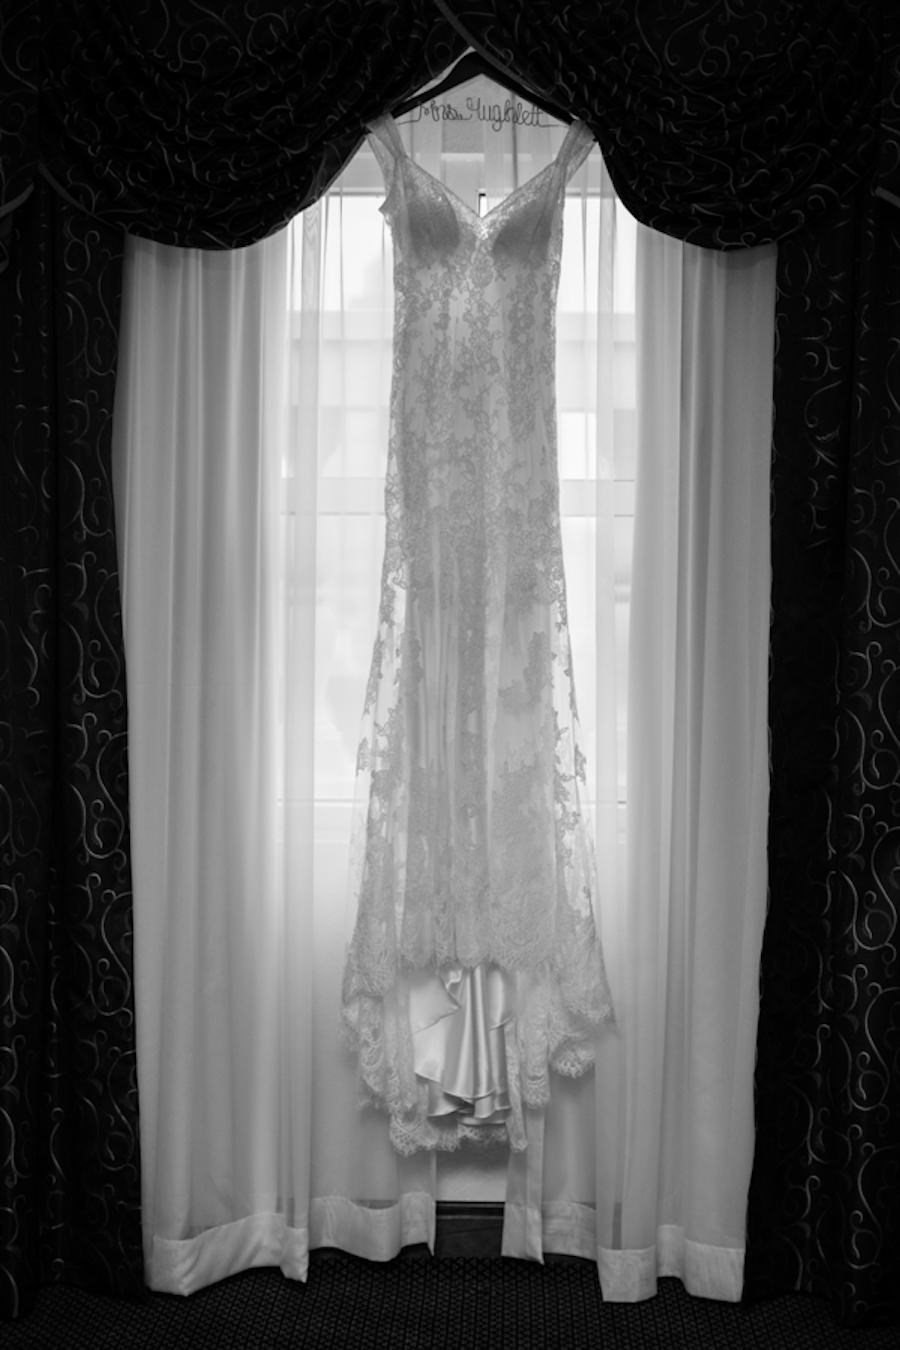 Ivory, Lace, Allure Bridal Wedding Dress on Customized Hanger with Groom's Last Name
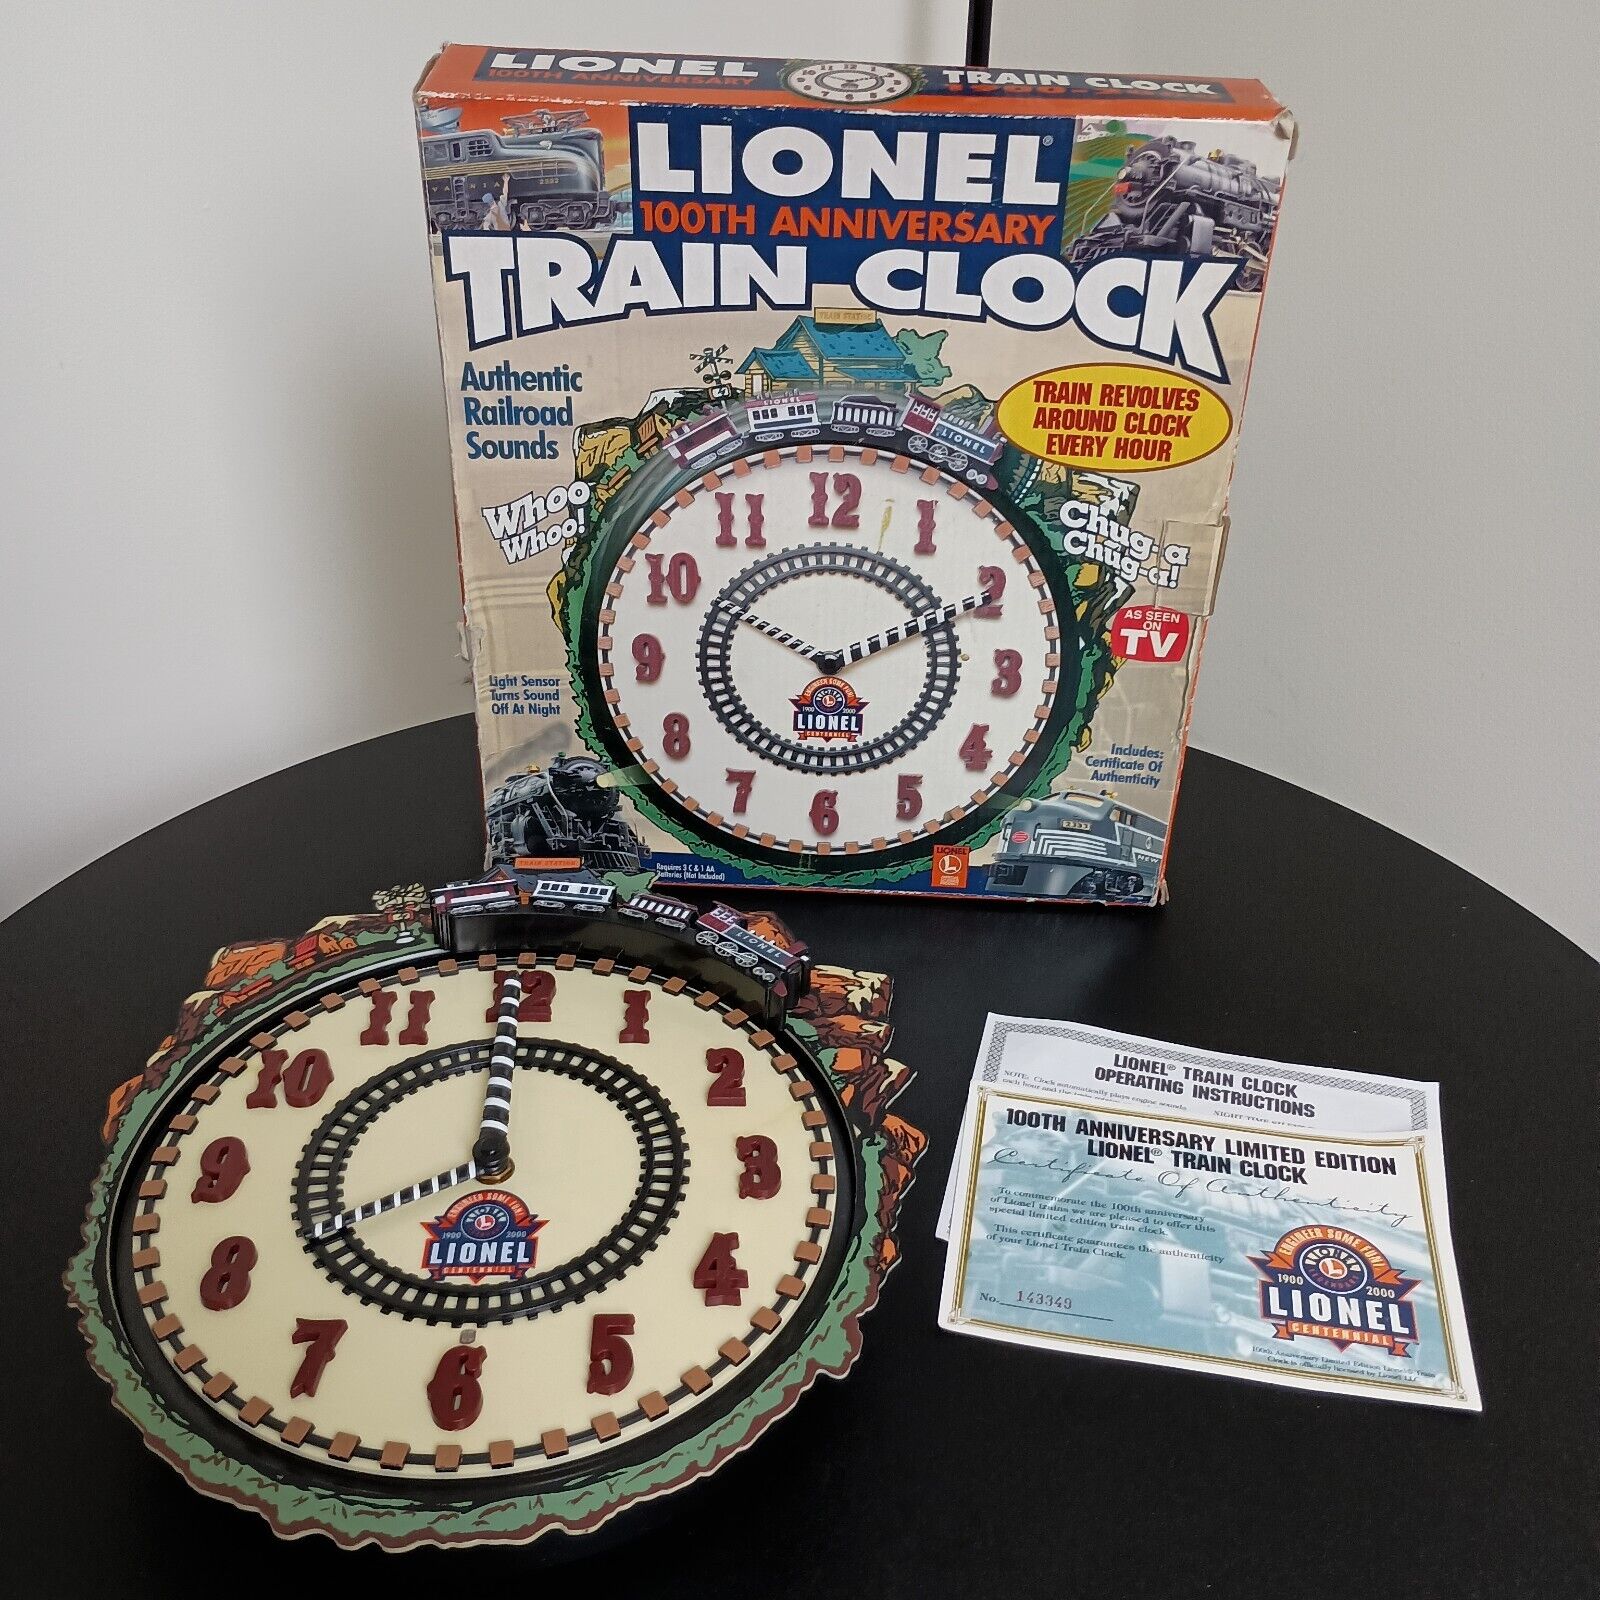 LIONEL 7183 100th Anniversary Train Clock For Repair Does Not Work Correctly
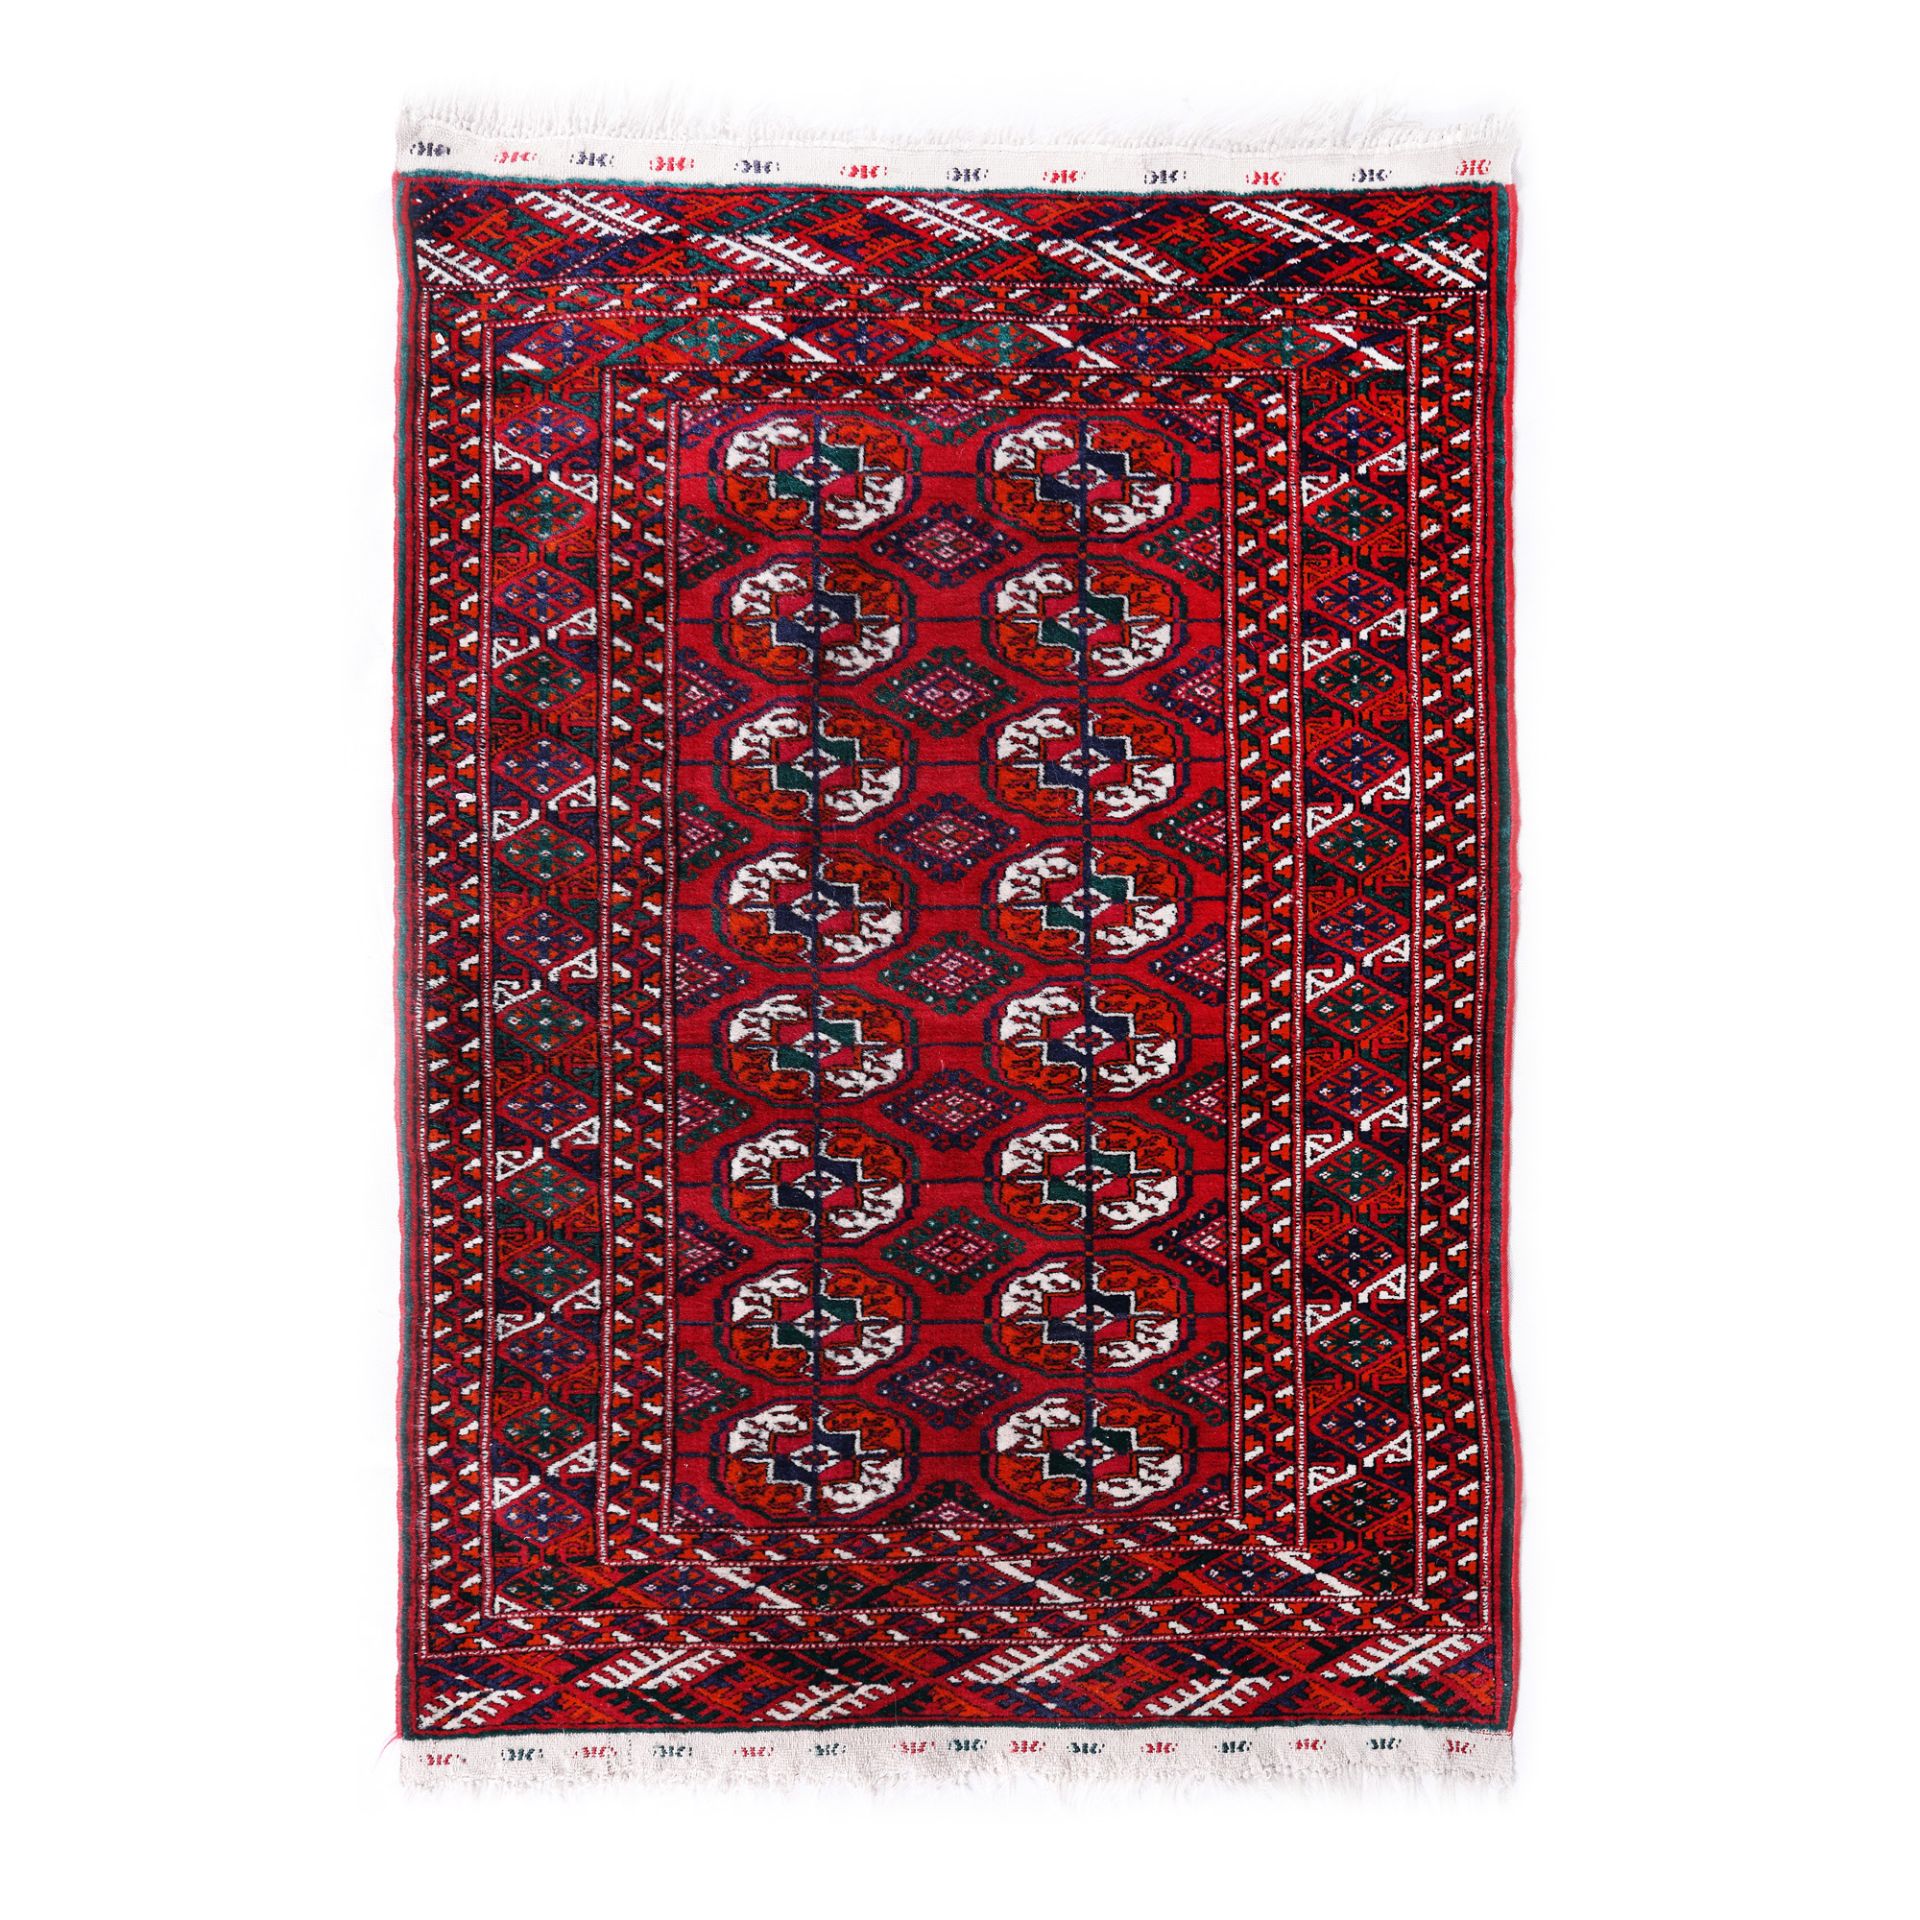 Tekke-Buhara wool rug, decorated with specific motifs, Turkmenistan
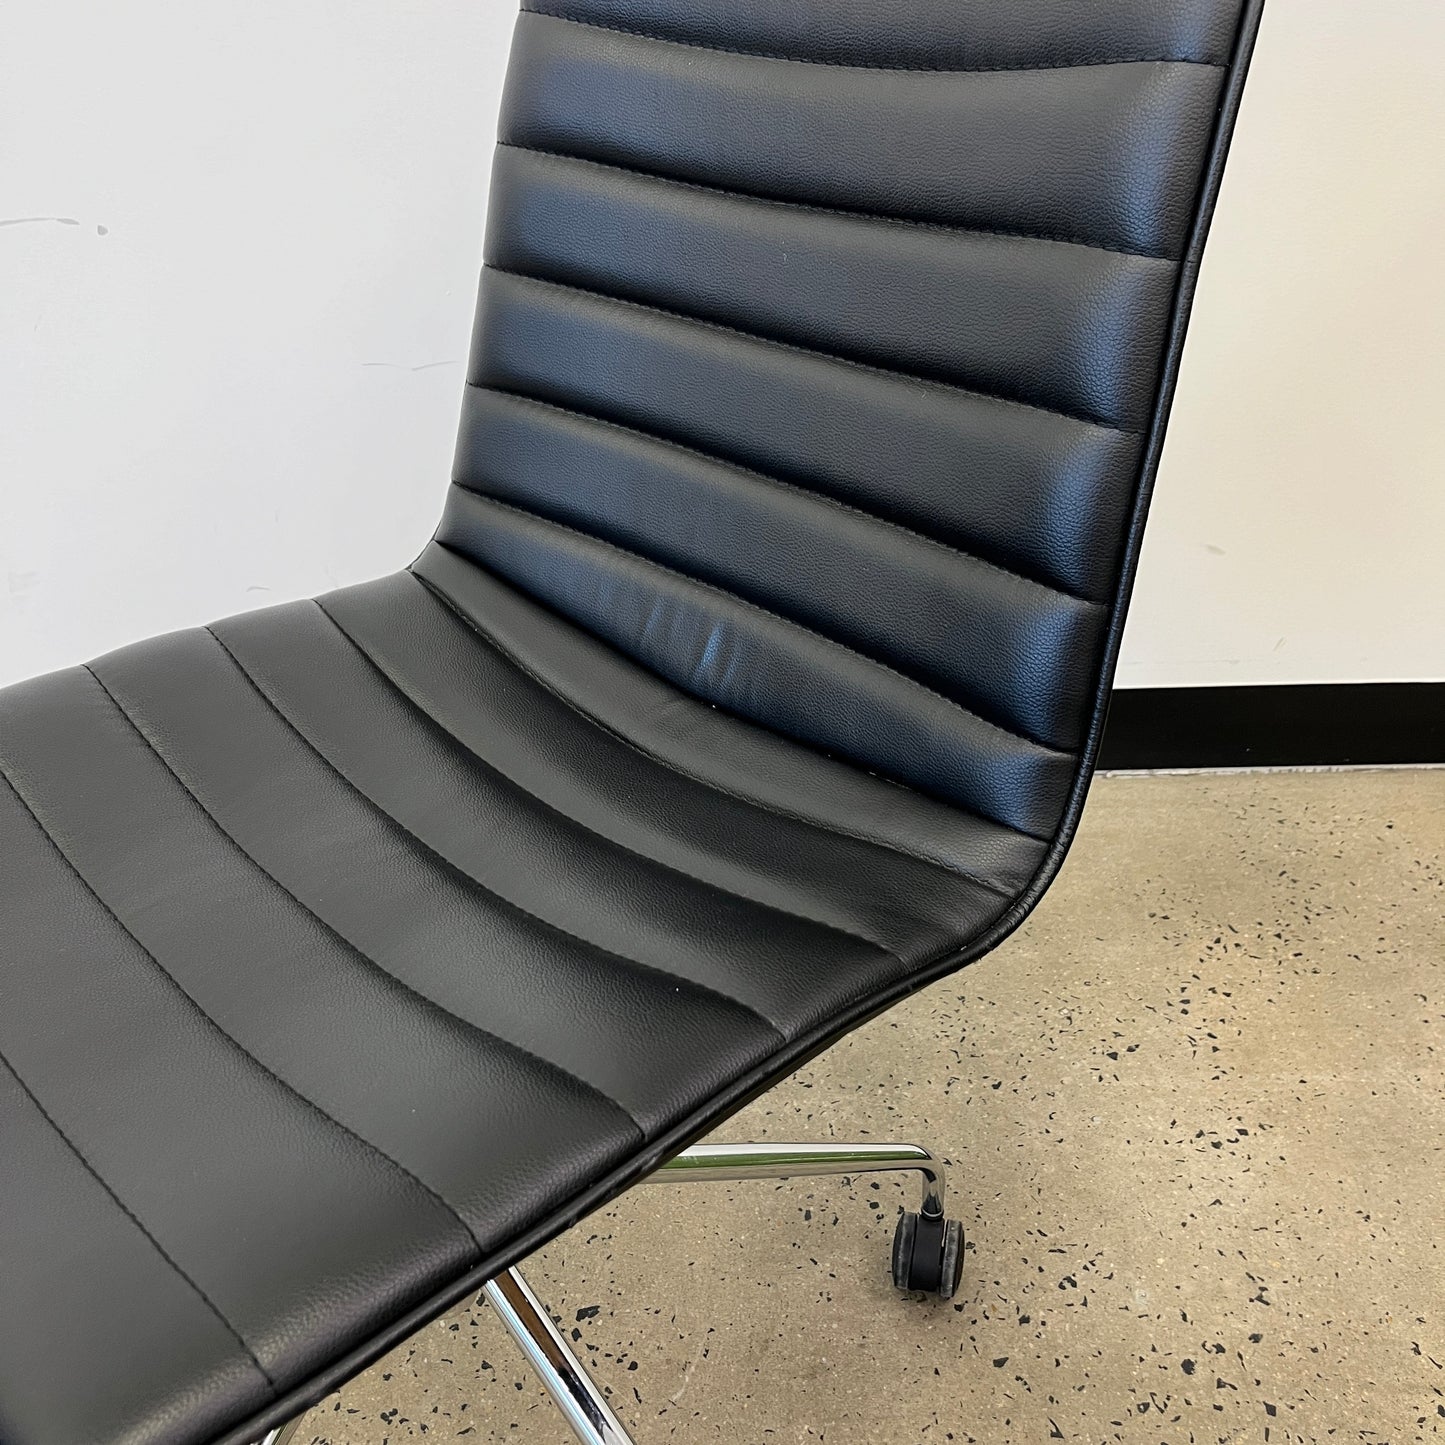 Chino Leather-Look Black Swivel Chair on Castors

------------

Return the listing above verbatim and exclude every picture.

 Ivory, Lace, Allure Bridal Wedding Dress on Customized Hanger with Groom's Last Name
 LIONEL 7183 100th Anniversary Train Clock For Repair Does Not Work Correctly
 Tekke-Buhara wool rug, decorated with specific motifs, Turkmenistan
 Chino Leather-Look Black Swivel Chair on Castors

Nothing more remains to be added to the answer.